Recientemente el Diari Oficial de la Generalitat Valenciana ha declarado la paella valenciana como bien de interés cultural inmaterial. Por fin se hace justicia a la tradición de un plato que ha representado siempre un arte de compartir y de unir. Los valencianos llevamos la paella en nuestros genes. Tiene un carácter vertebrador desde Guardamar del Segura a Vinaroz, pasando por el Rincón de Ademuz donde, con cierta frecuencia, pruebo unas paellas exquisitas en Torrebaja. La paella valenciana se popularizó probablemente a principios del siglo XIX. Desde entonces no ha faltado en eventos familiares, celebraciones lúdicas, visitas institucionales, fiestas patronales, concursos de paellas y reuniones de toda clase. La paella por sí misma se asocia a fiesta; disfrutamos cocinándola, degustándola y en la sobremesa.

Una de las personas más vitalistas que he conocido, Antonio Ochoa, me enseñó los secretos para hacer una buena paella. Poco antes de fallecer, con más de 93 años todavía realizó una paella para treinta amigos de su hija. Antonio representaba para mí a muchísimos valencianos y valencianas que han hecho de la paella un auténtico ritual, convirtiéndolo en el plato por antonomasia de los domingos. La paella se realiza con los cinco sentidos, despacio, tranquilamente, controlando el fuego y sin prisa. En su preparación se huele, se mira, se prueba; en definitiva, se va mimando. Durante la cocción del arroz aprovechamos para charlar, reír e incluso filosofar sobre la vida.

Originariamente la paella se consumía en las comarcas de l´Horta y de la Ribera, zonas de regadío donde se cultivaban verduras y se criaban aves de corral. Los labradores la elaboraban en excursiones, delante de una barraca o debajo de un parral. La receta original fue experimentando variaciones pero con unos límites que todos los valencianos conocemos. Cuentan en Madrid que en la casa de Sorolla se hacían unas paellas buenísimas; el secreto era que los ingredientes viajaban desde València.

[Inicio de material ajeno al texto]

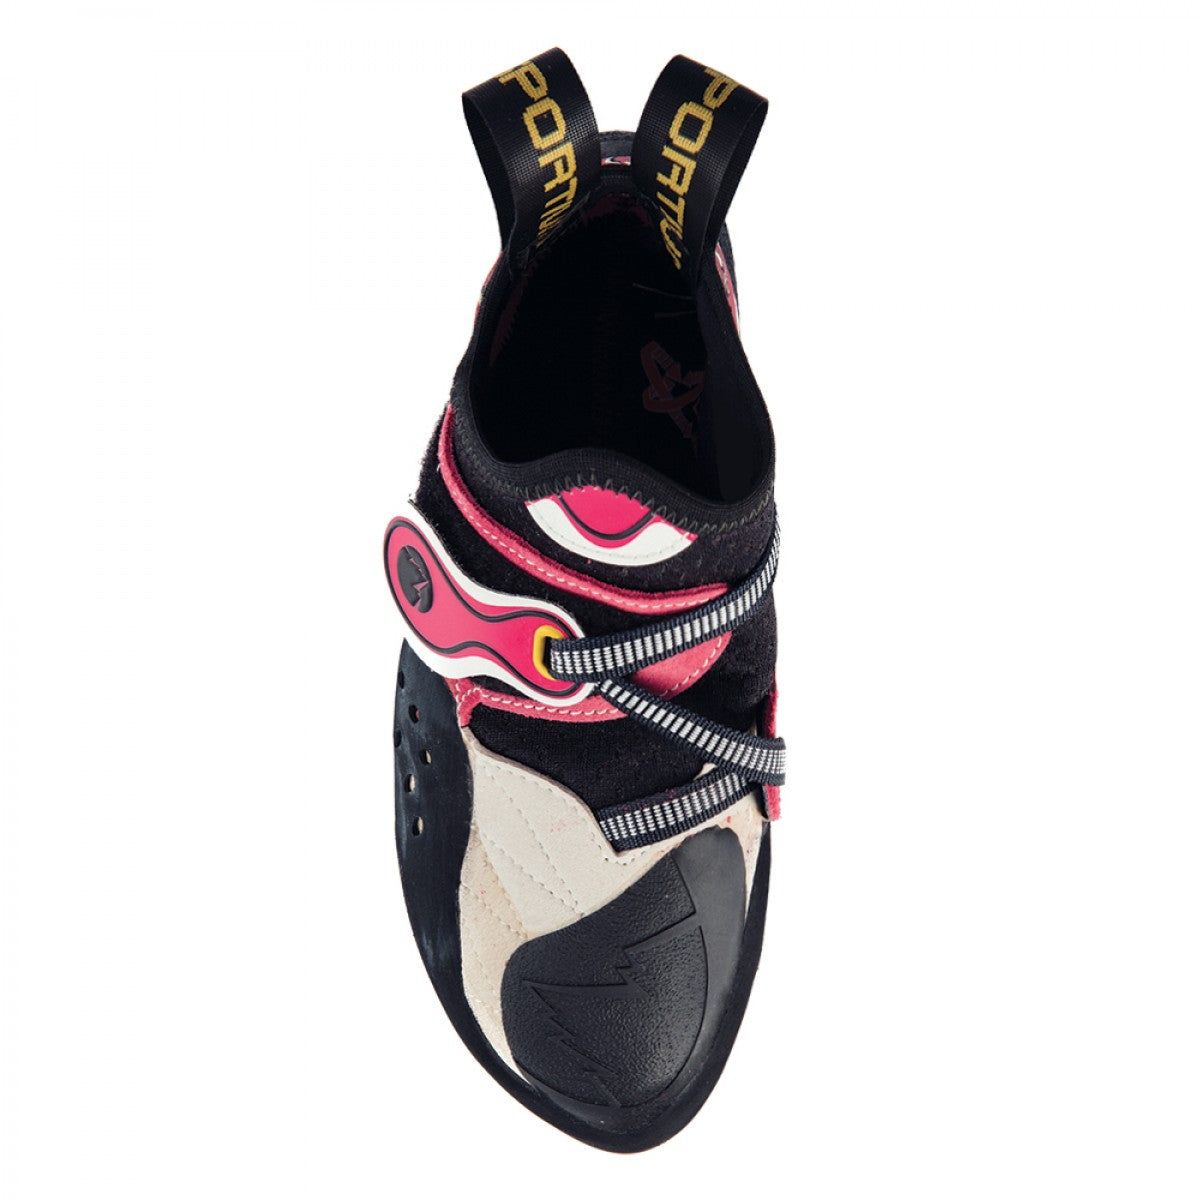 Item 496703 - La Sportiva Solution - Women's Climbing Shoes

Escritores como Bernat i Baldoví, Blasco Ibáñez, Ferran Torrent o Vázquez Montalbán han incorporado la tradición paellera en sus obras literarias. Abundan las referencias a la paella en la literatura popular. En una oda de 1889, Luis Cánovas, escritor y abogado de Torrevieja, la ensalzaba afirmando que había realizado revoluciones, que ningún plato la aventajaba y que representaba la democracia. Maximilià Thous escribió: del que inventà la paella/no se deu tindre notícia/si els valencians ho saberen/xe, quina estatua tindria. En Cañas y barro, Blasco Ibáñez describe una paella valenciana realizada con ratas de agua de la Albufera. En un romance popular de 1917 se relaciona la paella con alegría, jarana, poesía y fragancia. En 1900, con motivo de la visita de Emilia Pardo Bazán a València, se invitó a la ilustre gallega a la degustación de nuestro plato. En la Alquería del coche, debajo de un emparrado, al lado de un corral lleno de gallinas y conejos, se sirvió una paella. Entre otros comensales, junto a la invitada compartían mesa Blasco Ibáñez y Teodoro Llorente. Curiosamente, nuestro plato preferido, dio nombre a una revista: La Paella Valenciana. Esta publicación apareció en Rosario de Santa Fe, Argentina, desde enero a octubre de 1925. En ella se publicaban textos en valenciano de carácter folclórico y nostálgico.

La paella valenciana es una manifestación de nuestra cultura y de nuestra forma de ver la vida. Es capaz de aglutinar en la mesa a personas de edad y condición social muy diversas. Con un buen plato de paella nuestras diferencias se difuminan. Constituye un legado que hemos recibido y debemos salvaguardar para las generaciones futuras.